Heat Exchangers
Heat Exchangers Design Rules of the thumb:
- Take true counter current flow in a shell-and-tube exchangers as a basis.
- Standard tubes are ¾ in. OD, 1 in. triangular spacing, 16ft long; a shell 1ft dia accommodates 100 sqft; 2 ft dia, 400 sqft, 3ft dia, 1100 sqft.
- Tube side is for corrosive, fouling, scaling, and high pressure fluids.
- Shell side is for viscous and condensing fluids.
- Pressure drops are 1.5 psi for boiling and 3-9 psi for other services.
- Minimum temperature approach is 20% with normal coolants, 10˚F or less with refrigerant.
- Heat transfer coefficients for estimating purposes, Btu/(hr)(sqft)(F˚): water to liquid, 150: condensers, 150; liquid to liquid, 50; liquid to gas, 5; gas to gas, 5; reboiler, 200. Max flux in reboilers, 10.000Btu/ (hr)(sqft).
- Double-pipe exchanger is competitive at duties requiring 100-200 sqft.
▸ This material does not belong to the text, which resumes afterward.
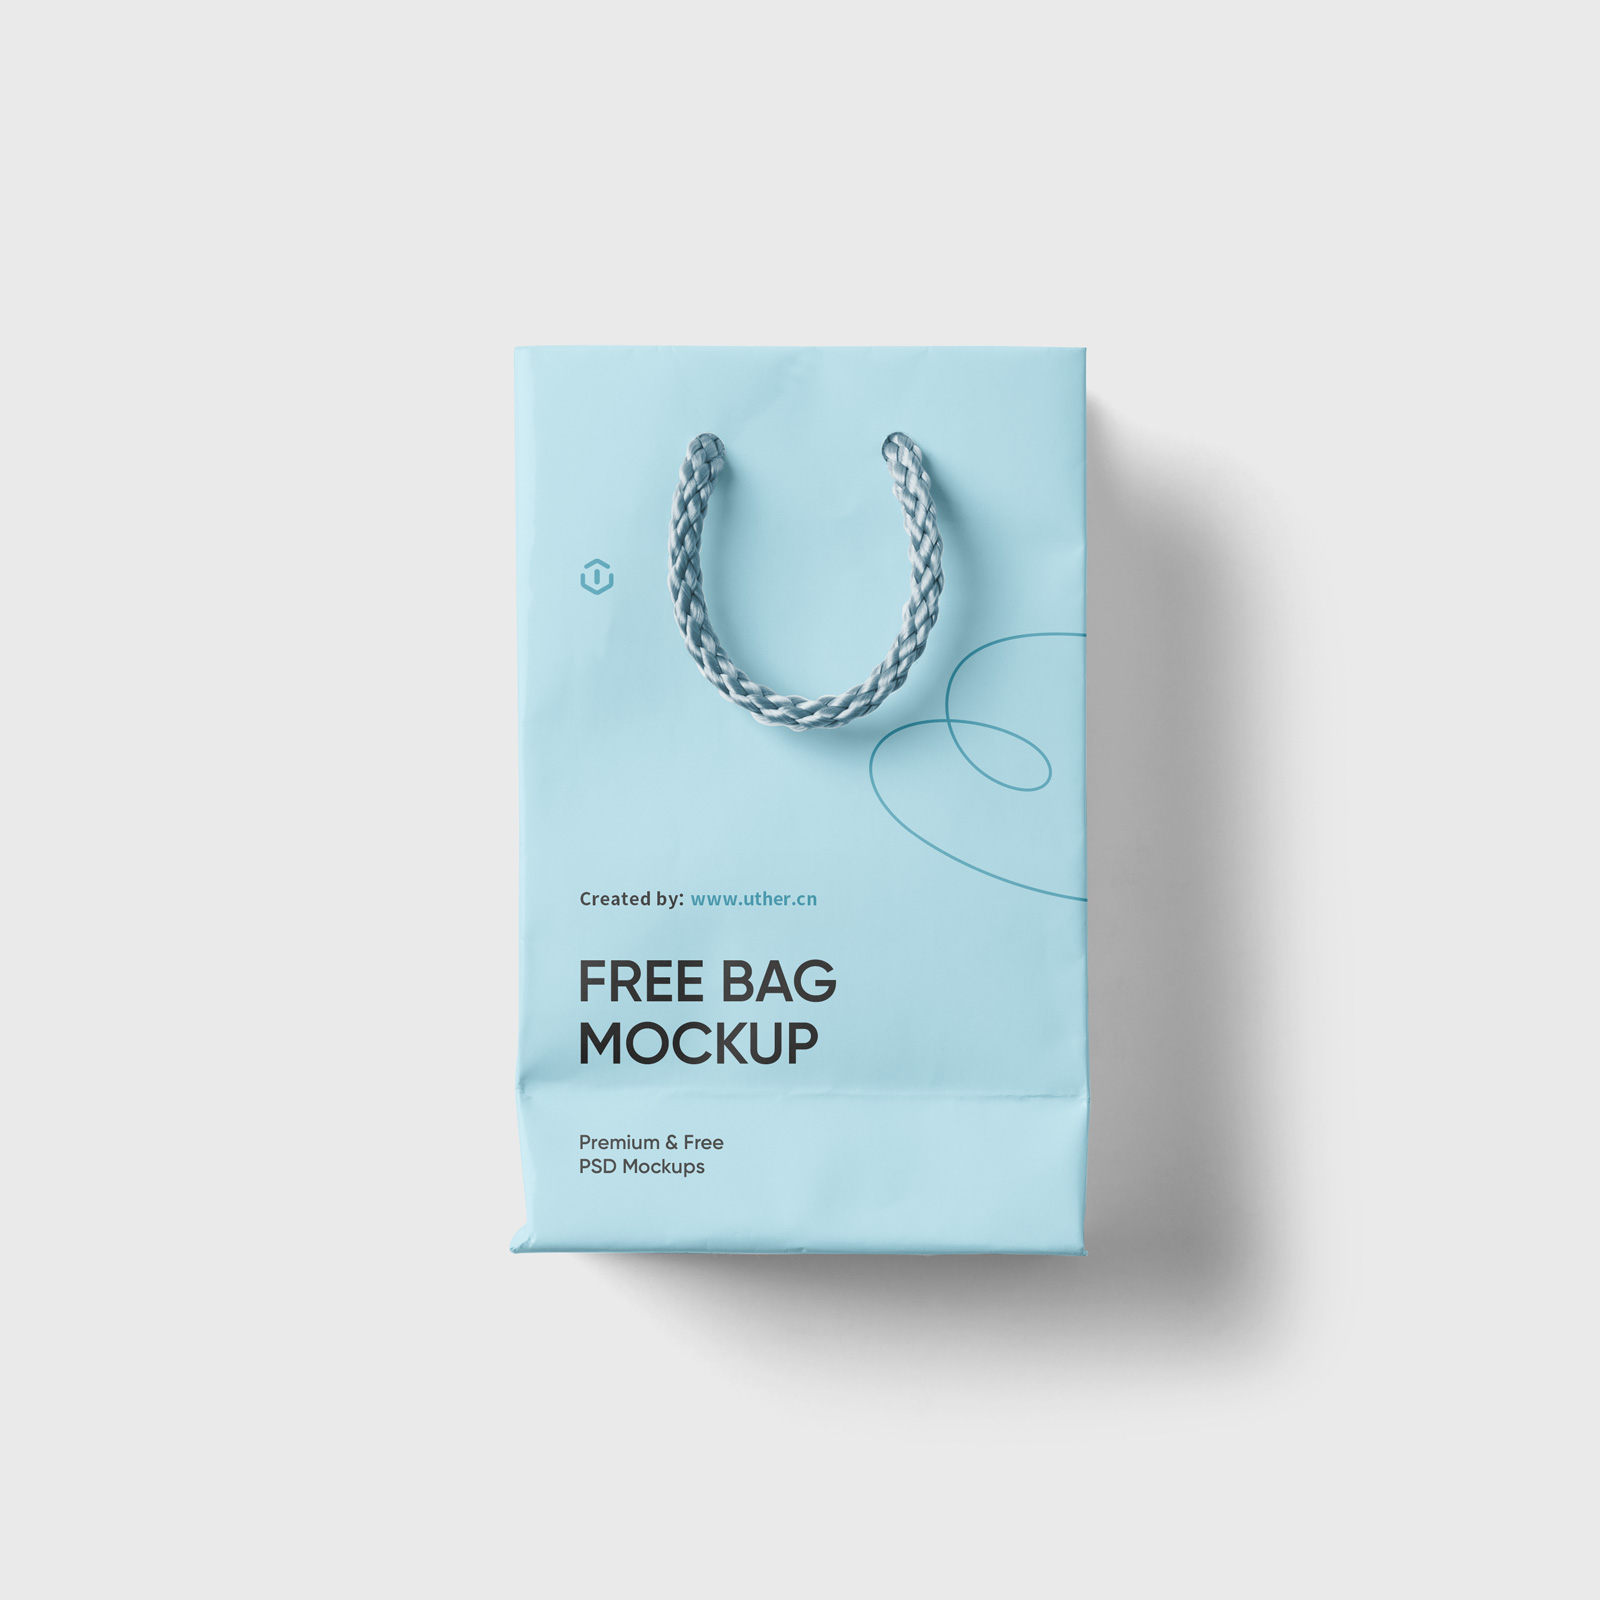 高质量礼品袋纸袋样机模型Gift Bag Mockup .psd素材

- Compact (plate and fin) exchangers have 350 sqft/cuft, and about 4 times the heat transfer per cuft of shell-and-tube units.
- Plate and frame exchangers are suited to high sanitation services, and are 25-50% cheaper in stainless construction than shell-and-tube units.
- Air coolers: Tubes are 0.75-1.00 in. OD, total finned surface 15-20 sqft/sqft bare surface, U=80―100 Btu/(hr)(sqft bare surface)(˚F), fan power input 2―5 HP (MBtu/hr), approach 50˚F or more.
- Fired heaters: radiant rate, 12,000 Btu/(hr)(sqft); convection rate, 4000cold oil tube velocity, 6ft/sec; approx equal transfers of heat in the two sextions; thermal efficiency 70―75%; flue gas temperature 250―350˚F above feed inlet; stack gas temperature 650-950˚F.